How to Scrape Secondary Data from a Table of URLs? (From multiple Websites? / Links?)

So. I know how to use the “Table Extraction” Activity in UiPath StudioX, what I now need help with, is scrubbing a single paragraph of data, from opening EVERY link that it previously scraped, and adding this paragraph into the next column, next to the link that was opened to to get that paragraph.

The “Go to URL” activity isn’t helping which means it is either not what I need to use, or I am using it incorrectly and need to be shown how it can be used the way I intend it to be used.

I will check the “How to extract from multiple websites” forum, but please help me if you can. Thank you so much.

Hi @jezaia.vanderwatt

Can you try this-

  1. Create a new column in your table to store the extracted paragraph data.

  2. Add a For Each Row activity to loop through each row in your table.

  3. Inside the For Each Row activity, add a Go to URL activity and set the URL to the value in the URL column for the current row.

  4. Add an activity to extract the desired paragraph of data from the webpage. Depending on the structure of the webpage and the location of the desired paragraph, you may need to use different activities such as “Find Element” or “Get Text”.

  5. Add an activity to write the extracted paragraph data to the new column in your table for the current row.

  6. After the loop is complete, you should have the desired paragraph data in the new column next to the corresponding URL.

I hope this helps you achieve your goal.

@jezaia.vanderwatt

  1. After extraction use add data column activity and add a new column
  2. Use for each row in datatable and loop through extracted table
  3. Use go to url with currentrow("urlcolumn").ToString…and try scrapping data and use assign with currentrow("NewColumnName") = variablefromextraction

For scrapping as websites are different try finding a reliable selector…try using only tags in selector or any othe rwhich might be common…

Does the urls belong to same website or different?

If same then try using fuzzy selector if different then we need to make sure to remove any non static part in selector

Cheers

1 Like

I have already done as you have mentioned.

The thing I keep getting wrong, is figuring out HOW to use the “Go To URL” activity.
With Anil_G’s solution, which almost worked, it types the literal “variablename.Tostring” in the browser as apposed to the Value of the URL variable. I should complete that spreadsheet tutorial… basically, I do not know how to add “Spread sheet column names” in such a way that it knows I’m referring to the column.

Thank you for your help. I’m glad that you are helping me get on the right track.

I think I mainly need help with this part, I am mainly getting other errors now that I messed with the text in the expression editor.


String
RightStringMaybe

@jezaia.vanderwatt

Errors says your datatable used is empty

Cheers

Um. Yes. But what do I need to do with the Expression Editor in the “Go to URL” activity?
I know for a fact that the Spreadsheet with the table of URL’s is there. I don’t think I need to worry about that right now. I’m far more concerned about the use of the “Go to URL” activity. Is there a particular tutorial you would recommend?

@jezaia.vanderwatt

If its inside for each row in datatable and column name is apply url then pass currentrow("Appy URL").ToString

For go to url basically we have to provide a url and it would go to that url it is like oepning a new site in already open window

Cheers

Ah. I figured it out! Thank you for all the help. It got me much closer to an answer.

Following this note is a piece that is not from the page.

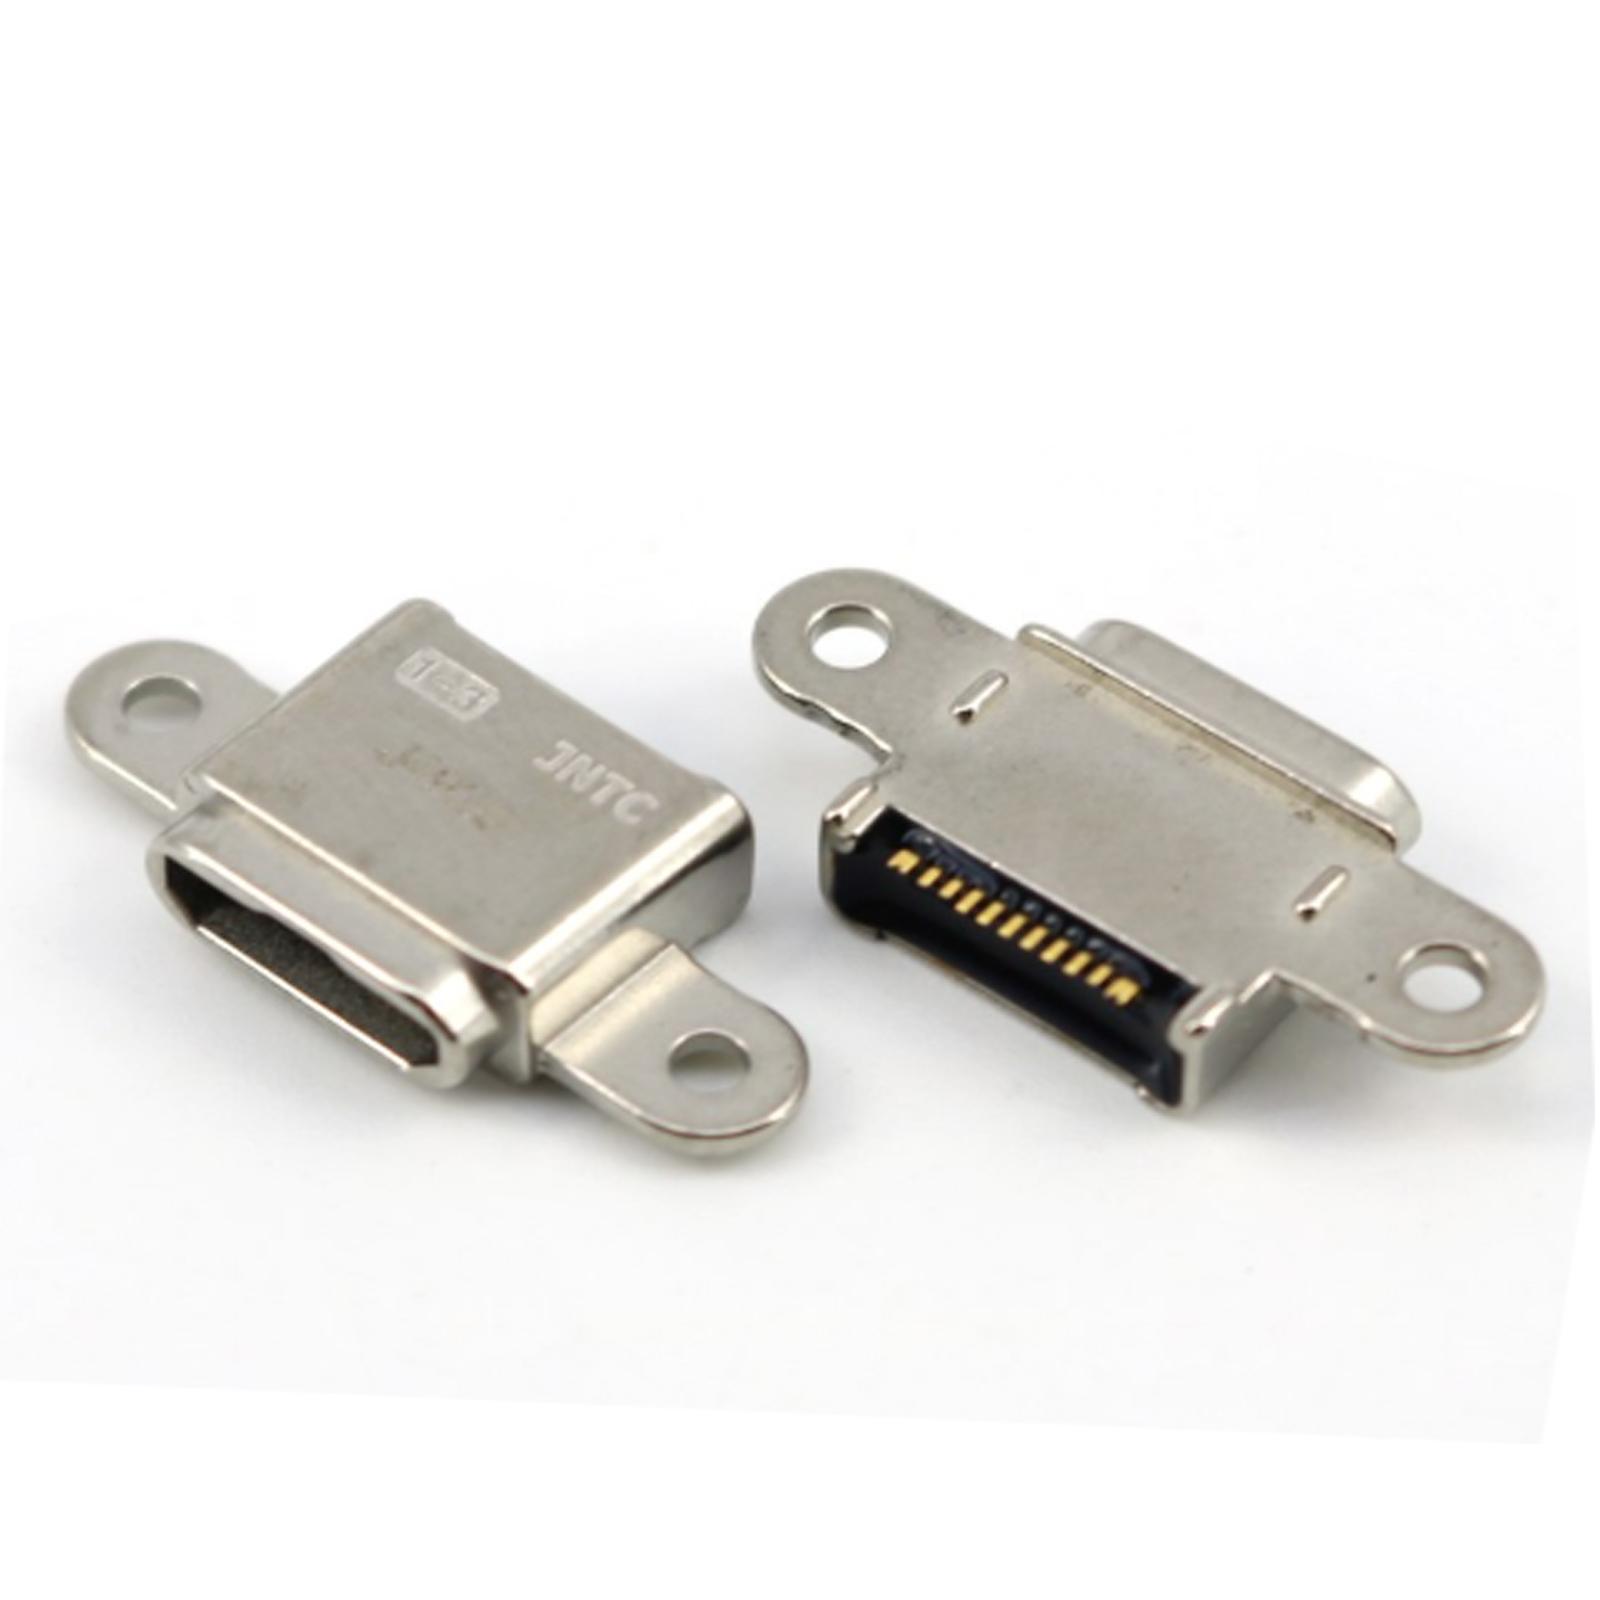 Samsung Galaxy S7 G930/S7 Edge G935 micro USB nabíjecí konektor

So. Basically. In the “Go to URL” activity. Switch from (If you are using Excel) Chrome to Excel, and than in the dropdown menu, (assuming the “Go to URL” activity is within a “For Each Excel Row” etc activity) - select the URL column, it will be an option that looks like the screenshot I provided - “[CurrentRow] URL”.

What this does is Use the current row’s cell, in the URL column, as the source of the URL the “Go to URL” activity opens. Don’t worry about adding a “Navigate Browser” activity to close the Tab afterwards (at least not within the “For Each Excel Row” block) - it only uses 1 tab, and switches the link it uses within that 1 tab.

I really hope this helps a lot of people. The tutorials out there, that are about 8 months old even, are just barely too old to be helpful for this particular case.

This is how to use a Table of Links / URLs to scrub extra / secondary data from those Links / URLs.
Have a great day
Jezaia

This topic was automatically closed 3 days after the last reply. New replies are no longer allowed.